Со своей стороны, пролетариат тоже повел себя вразрез с экономическим учением. Первым делом сбылось опасение Маркса: в результате реформ и достижений профсоюзного движения повысился уровень жизни рабочих и улучшились условия их труда. Эти изменения были далеко не достаточными, чтобы решить проблему социального неравенства, но чудовищное во времена Маркса положение английских ткачей не только не ухудшилось, как он предсказывал, и не распространилось на другие отрасли промышленности, но, напротив, потихоньку перестало быть таковым. Впрочем, сегодня Марксу не на что было бы жаловаться, потому что еще одно его ошибочное пророчество восстановило равновесие. Опыт показал, что самые успешные революционные или профсоюзные акции всегда совершаются рабочей элитой, которой не грозит страх голодной смерти. Нищета и вырождение остались тем же, чем были до Маркса и чего он вопреки очевидности не желал признавать, - факторами порабощения, а не пробуждения революционного сознания.
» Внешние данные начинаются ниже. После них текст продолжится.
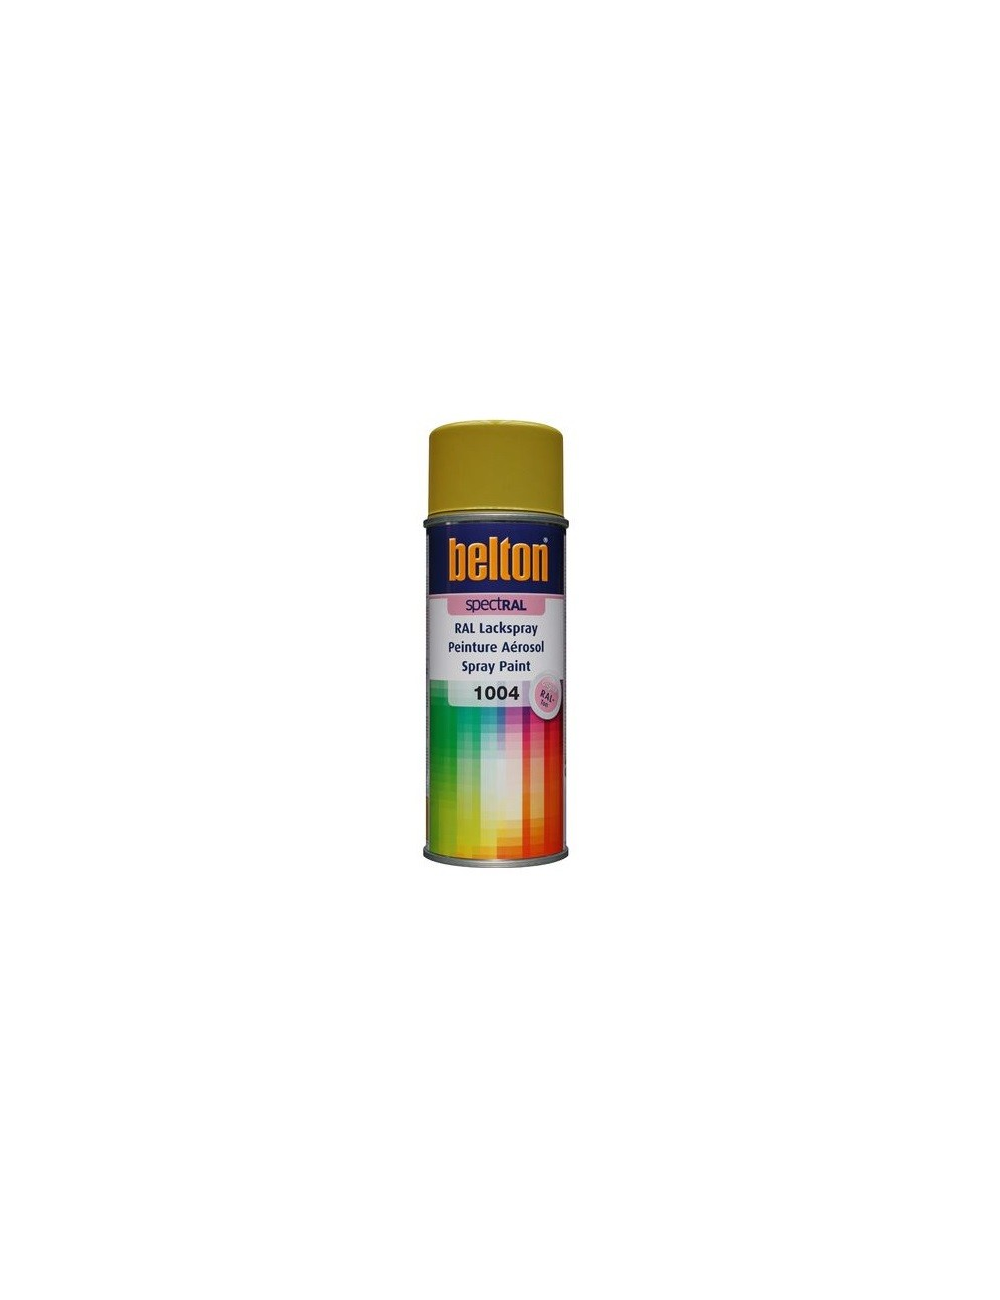 Bombe de peinture - Haute température - Résistance jusqu'à 700C - Noir  brillant - 400ml - Achetez en ligne

В 1933 году треть немецких рабочих оказалась без работы. Буржуазное общество было вынуждено их кормить, тем самым создавая одно из условий, необходимых, по мысли Маркса, для совершения революции. Но выяснилось, что ожидание подачек от государства отнюдь не формирует будущих революционеров. Вслед за навязанной привычкой возникли новые, не всегда навязанные, весьма успешно сведенные Гитлером в единую доктрину.
Наконец, не сбылся прогноз о безграничном расширении класса пролетариев. В условиях промышленного производства, которое должен поддерживать каждый марксист, существенно вырос средний класс и даже появился новый социальный слой - слой техников. Дорогой Ленину идеал, согласно которому каждый инженер будет одновременно и разнорабочим, не выдержал столкновения с действительностью. Наука и техника настолько усложнились, что сегодня ни один человек не в состоянии овладеть всеми теоретическими и практическими основами той или иной профессии. Например, почти невозможно представить себе, чтобы современный физик досконально разбирался в современной биологии. Да даже в области физики он отнюдь не претендует на глубокое знание всех ветвей этой дисциплины. То же самое относится к технике. Как только производительность труда, рассматриваемая и буржуазными экономистами, и марксистами как благо, увеличилась несоизмеримо с тем, что было в прошлом, специализация труда, которую Маркс считал необязательной, приобрела неизбежный характер. Каждый рабочий выполняет какую-либо отдельную операцию и понятия не имеет об общем плане, составной частью которого является его труд. Одновременно складывается слой людей, занимающихся координацией работы остальных, и, в силу выполняемых ими функций, они начинают играть в обществе определяющую роль.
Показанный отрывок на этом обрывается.